Thursday, April 29, 2010

Inside the Beltway Thinking on AIDS


More than 5,500 individuals in Prince George's County, Maryland are infected with HIV/AIDS, according to a study of AIDs in the Washington, D.C. suburbs, released this week (pdf). Of those, more than 600 are not receiving treatment. The study, which blamed a lack of a coordinated response to the spread of the virus, prompted suburban officials to step up diagnosis and treatment, and promote awareness in schools, as has been done in D.C.

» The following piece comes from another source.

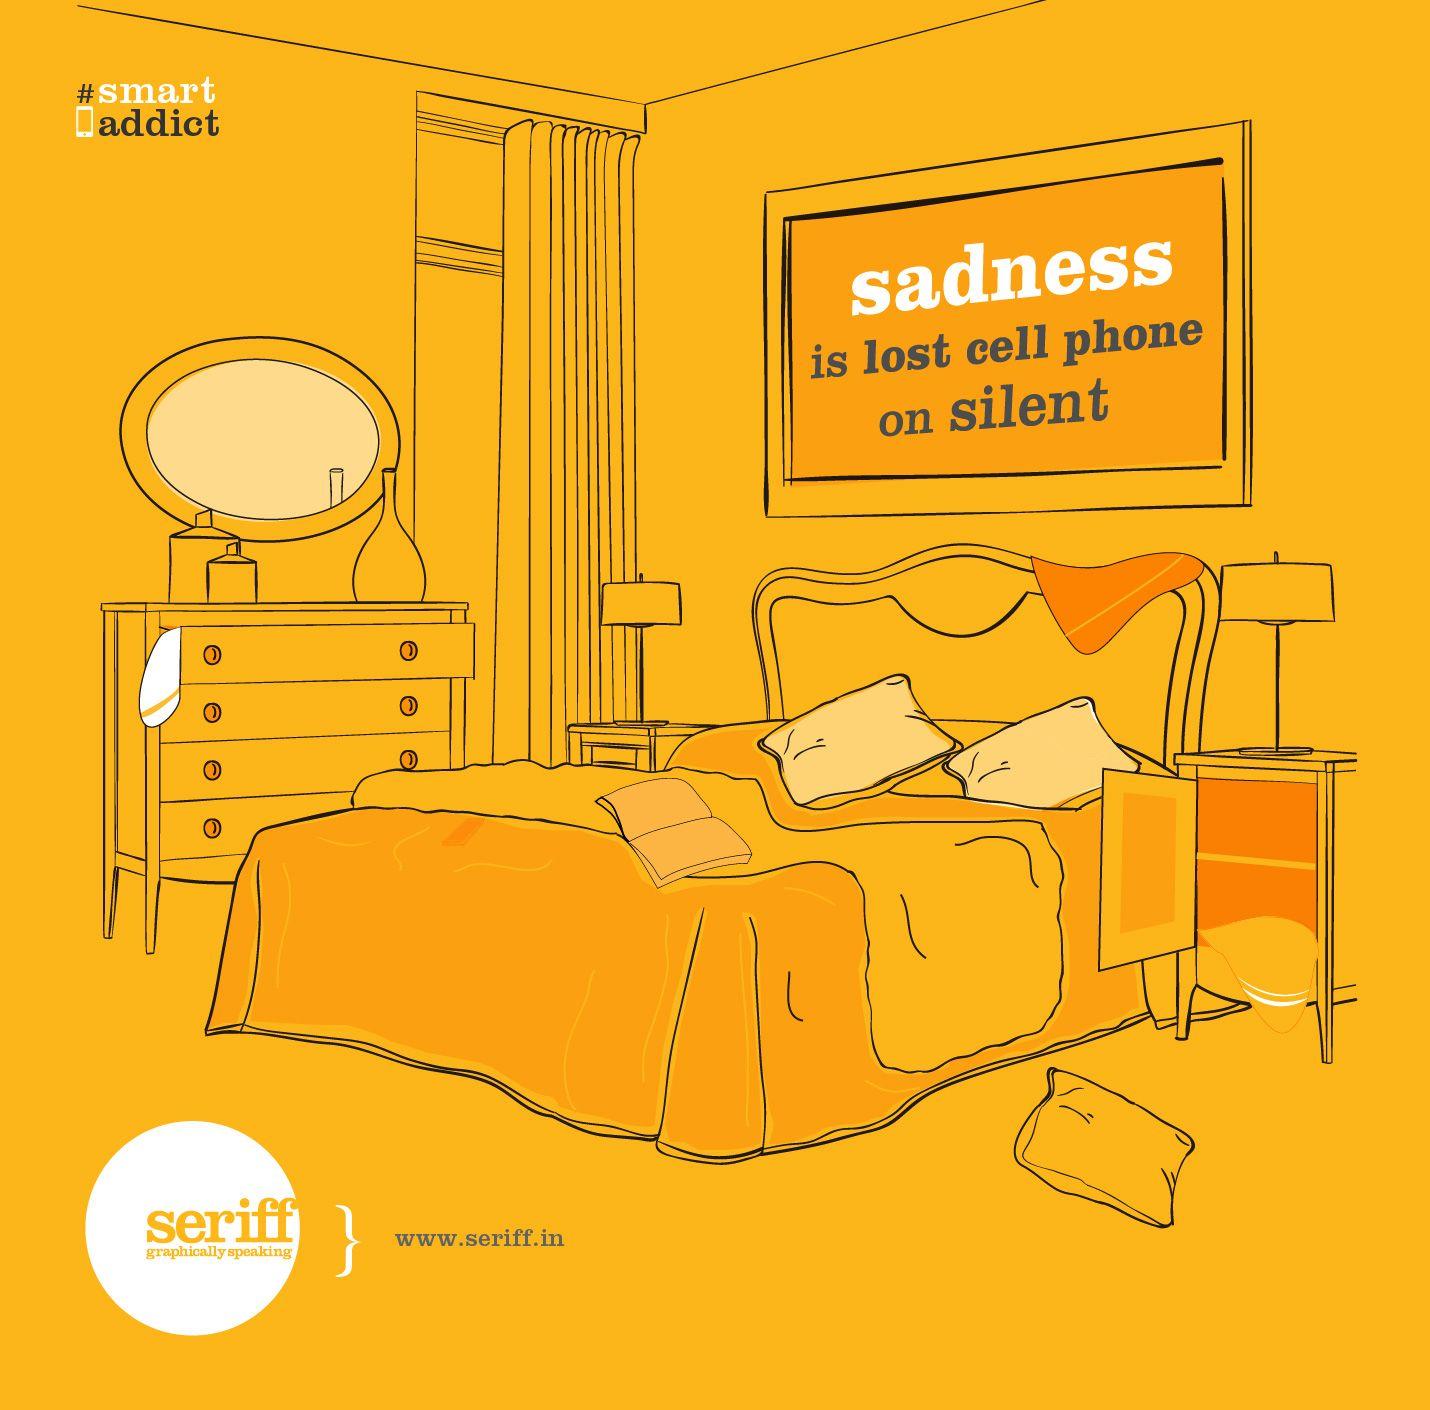 #smartaddict #smartphones #cellphones #socialmedia #sadness #silent #obsession #graphicdesign #Seriff

The study didn't focus on Prince George's--it had the same advice for all the Washington burbs, which harbor 46 percent of those in Metro D.C. area. But let's stick for a moment with Prince George's, which is home to nearly a million people in 10 cities, 17 towns, and more than 50 unincorporated areas. Comparing this glut of community types, governing bodies, school districts and legal jurisdcitions to D.C.'s unified hierarchy is not even "comparing apples and oranges," as Dale Schacherer, program manager for HIV client services in neighboring Montgomery County, called it. It's comparing one apple tree to a field of grapes.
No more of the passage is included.